Controlling Your Desktop & Security Investments in the Era of Cloud Computing

Modern businesses rely on a wide array of software and web applications to keep their daily operations running smoothly, but the cost of innovation is steep. According to research from Gartner, worldwide IT spending is projected to reach $3.9 trillion in 2020, an increase of 3.4% from 2019. While every organization has its own reasons for adjusting its computing and data storage capabilities, the need to control costs is a universal concern. Without a clear implementation plan and IT management strategy, businesses can end up overpaying or wasting their available resources, whether they’re located on premises or in the cloud. 

Although cloud services have made it easier to control desktop and security expenses, many companies are still struggling to maximize their investments. There is a growing need for cloud cost management, yet few companies have integrated automated policies that help optimize their usage – eliminating unused workloads, selecting lower-cost hosting regions, etc. – leading to higher back-end expenses. 

Cutting costs in the era of cloud computing is easier than ever, but only if businesses are clear and confident about their objectives. In some cases, moving all data and workflows to the cloud simply isn’t feasible, requiring a hybrid environment that utilizes both new SaaS services and legacy systems. Regardless of how their infrastructure is organized, companies need to pay close attention to how they’re leveraging cloud-based services to avoid wasteful spending. With that in mind, let’s take a closer look at some key challenges organizations face when controlling their desktop and security investments.

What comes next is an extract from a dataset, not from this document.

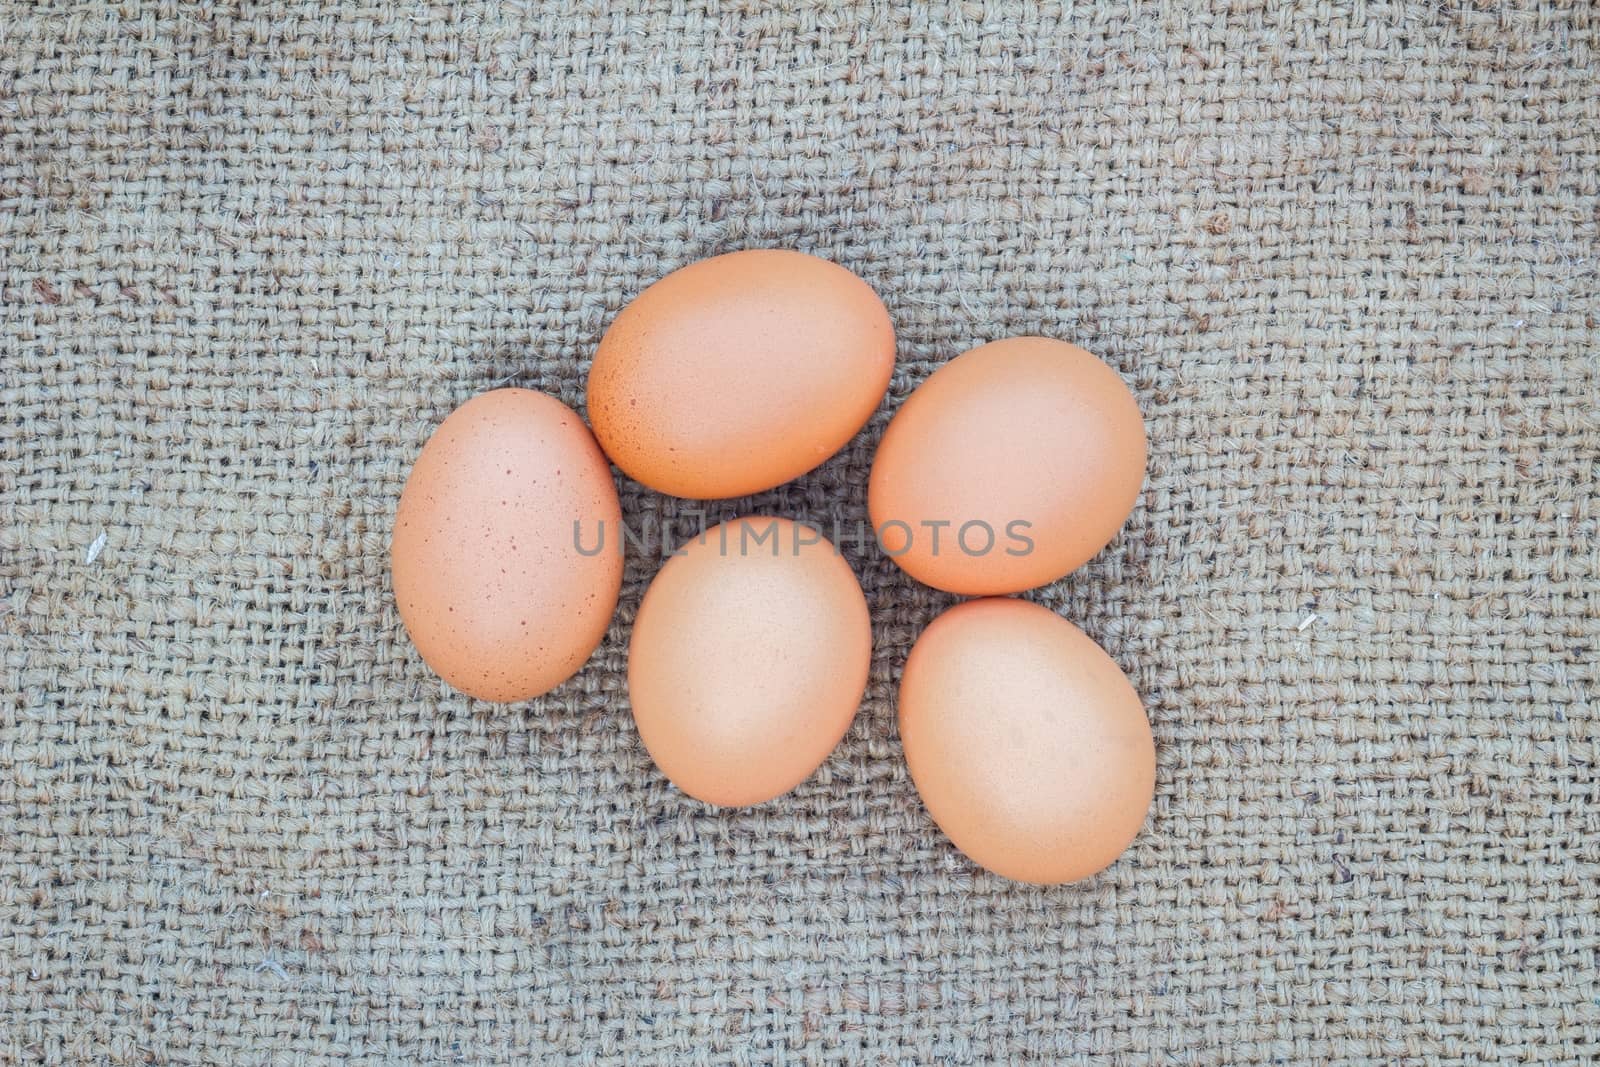  eggs on gunnysack  by a3701027

Deploying New Tools and Technologies

Business technologies continue to evolve at a rapid pace, with new innovations hitting the market on a near-monthly basis. To keep up with the latest advancements in enterprise resource planning, customer relationship management, data analysis and more, companies are increasingly turning to cloud-based solutions that remove the need for on-premises storage and complex software licenses. One of the main advantages of SaaS products is that most are based on a pay-as-you-go subscription model, which allows companies to reduce their upfront costs. According to research from IDG, around 89% of modern businesses use at least one SaaS product in the IT environments, though most plan to ramp up their utilization in the years ahead. 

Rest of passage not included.